Пришвин
Вот почему художник должен быть простодушен, как дитя, вот что вызревало в Пришвине долгие годы отрочества и затянувшейся молодости, медленно в нем перегорало – реальность сочеталась со сказкой и завязывались все узлы. Но при этом Пришвин очевидно торопился включить себя в литературную ситуацию двадцатого века, так чтобы написанное оказывалось поводом для повествования об ищущей личности, о хождении интеллигента в народ, и не случайно к главе, посвященной Соловецкому монастырю, дается эпиграф из самого что ни на есть декадента Константина Бальмонта:
«Будем как солнце! Забудем о том, кто нас ведет по пути золотому»[190].

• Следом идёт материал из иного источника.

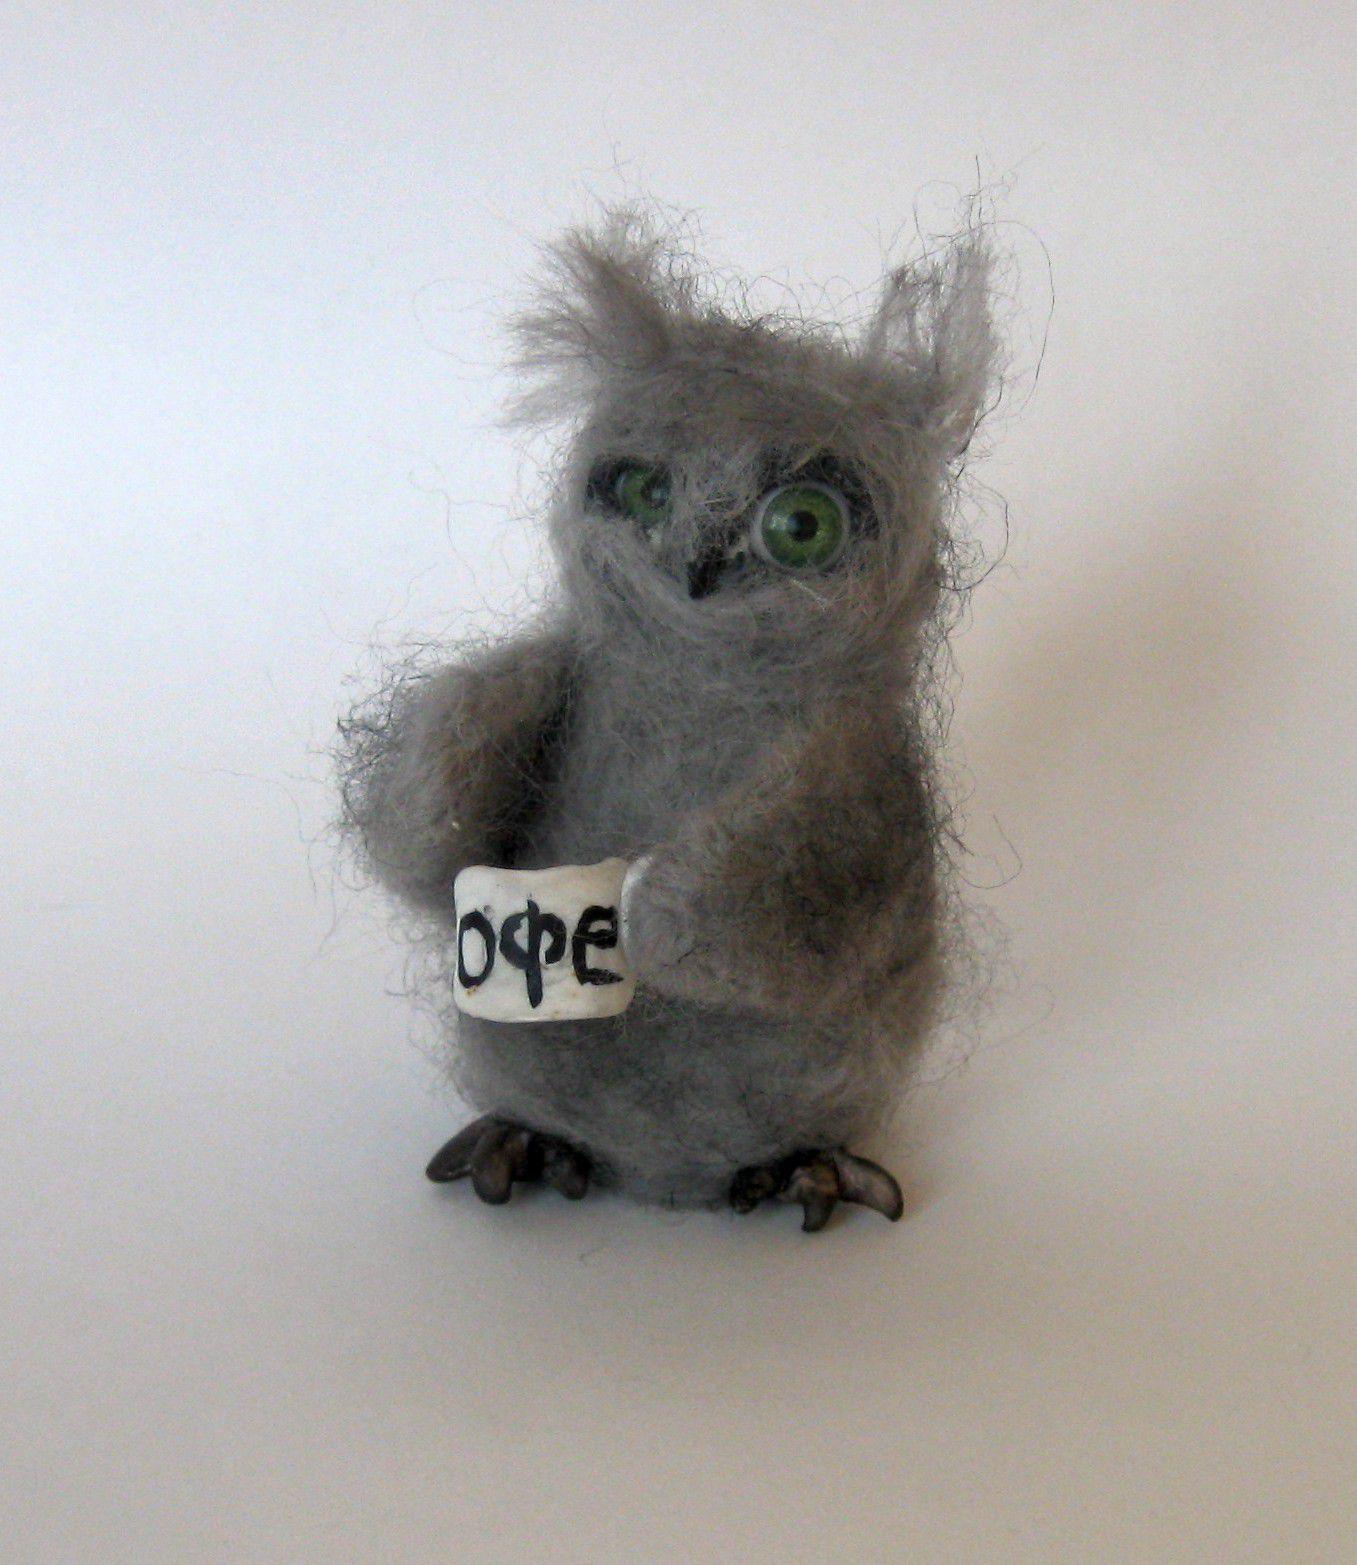 идея сова ручная подарка игрушка валяная войлок из работа коллекция миниатюр валяшка коллекционная маленькая валяние миниатюра цвет шерсти купить сувенир серый в подарок

И все же, если сравнить изображение северной обители в двух пришвинских книгах, можно увидеть огромную разницу. В первой Соловецкий монастырь – прародина Выговской пустыни, их связь для писателя несомненна и органична, как органична связь между старообрядческой культурой и жизнью людей в птичьем краю. Во второй описание монастыря превращается в карикатуру.
Северная природа как бы «не доразвилась до состояния греха» – замечательно сказано, но дальше читаем о самой обители: «Это гроб, и все эти озера, зеленые ели, весь этот дивный пейзаж – не что иное, как серебряные ручки к черной, мрачной гробнице».